Sorption, Aerobic Biodegradation, and Oxidation Potential of PFOS Alternatives Chlorinated Polyfluoroalkyl Ether Sulfonic Acids.
Hong ChenYoun Jeong ChoiLinda S LeePublished in: Environmental science & technology (2018)
Global phase out of perfluorooctanesulfonic acid (PFOS) has led to increasing production of alternatives such as the chlorinated polyfluoroalkyl ether sulfonic acids (Cl-PFESAs) for which little is known on their environmental fate.
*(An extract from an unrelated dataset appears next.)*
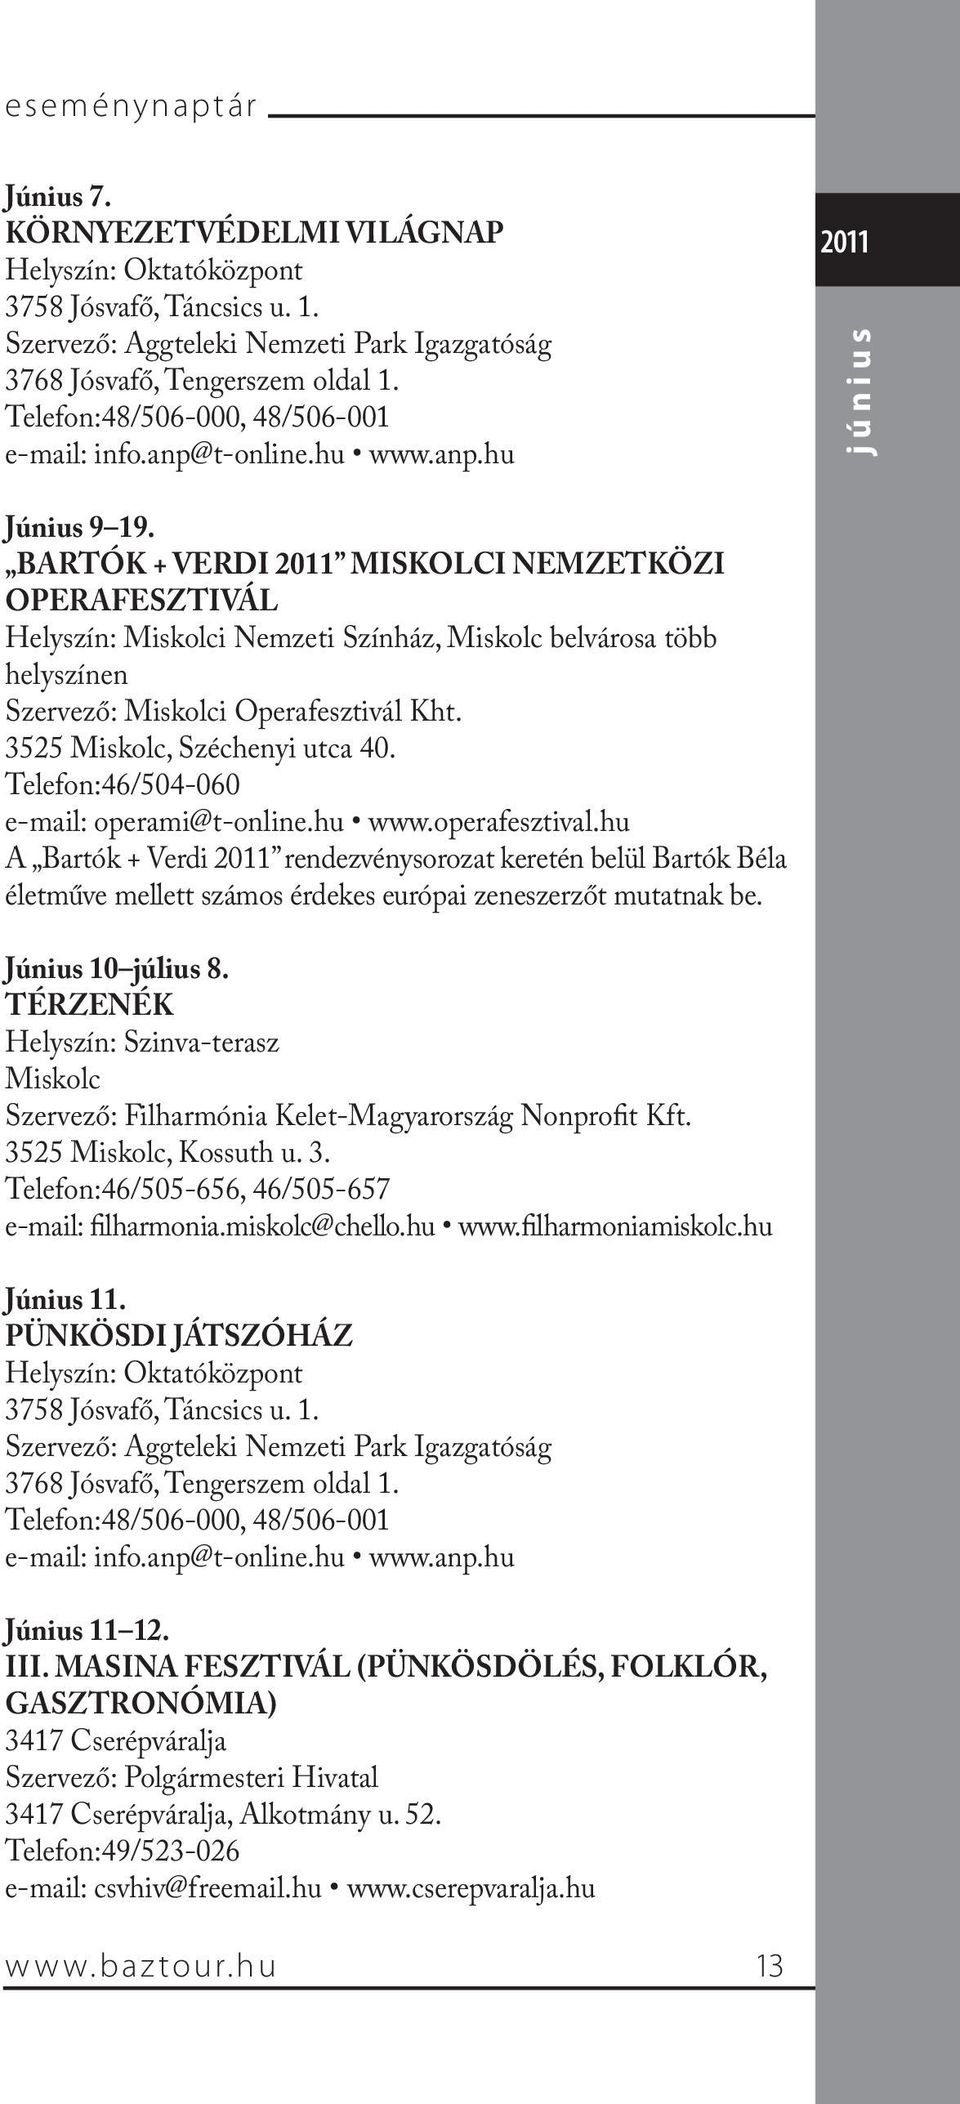 Telefon:46/504-060 e-mail: operami@t-online.hu www.operafesztival.hu A Bartók + Verdi rendezvénysorozat keretén belül Bartók Béla életműve mellett számos érdekes európai zeneszerzőt mutatnak be.

In this study, sorption by soils, aerobic soil biodegradation, and oxidation potential of 6:2 Cl-PFESA (9-chlorohexadecafluoro-3-oxanonane-1-sulfonate) and 8:2 Cl-PFESA (9-chlorooctadecafluoro-3-oxanonane-1-sulfonate) were evaluated. 6:2 Cl-PFESA sorption was quantified for aqueous and acetone/water solutions, whereas 8:2 PFESA could only be accurately measured in acetone/water solutions. The log-linear cosolvency model was applied and validated to estimate sorption of 8:2 Cl-PFESA. Only soil organic carbon (OC, 0.76-4.30%) was highly and positively correlated to sorption of the Cl-PFESAs ( R2 > 0.96). The resulting log Koc values (OC-normalized sorption coefficients) are 4.01 ± 0.09 ( n = 6) and 5.54 ± 0.05 ( n = 4) L kg-1 for 6:2 Cl-PFESA and 8:2 Cl-PFESA, respectively. Aerobic biodegradation in a loam soil at 24 ± 0.5 °C showed negligible degradation of both Cl-PFESAs. Cl-PFESAs also remained unchanged in an unbuffered heat (50 °C)-activated 42 mM persulfate oxidation treatment. Therefore, Cl-PFESAs are equally recalcitrant as PFOS in addition to being more sorptive, thus with a higher bioaccumulation potential for a similar alkyl chain length.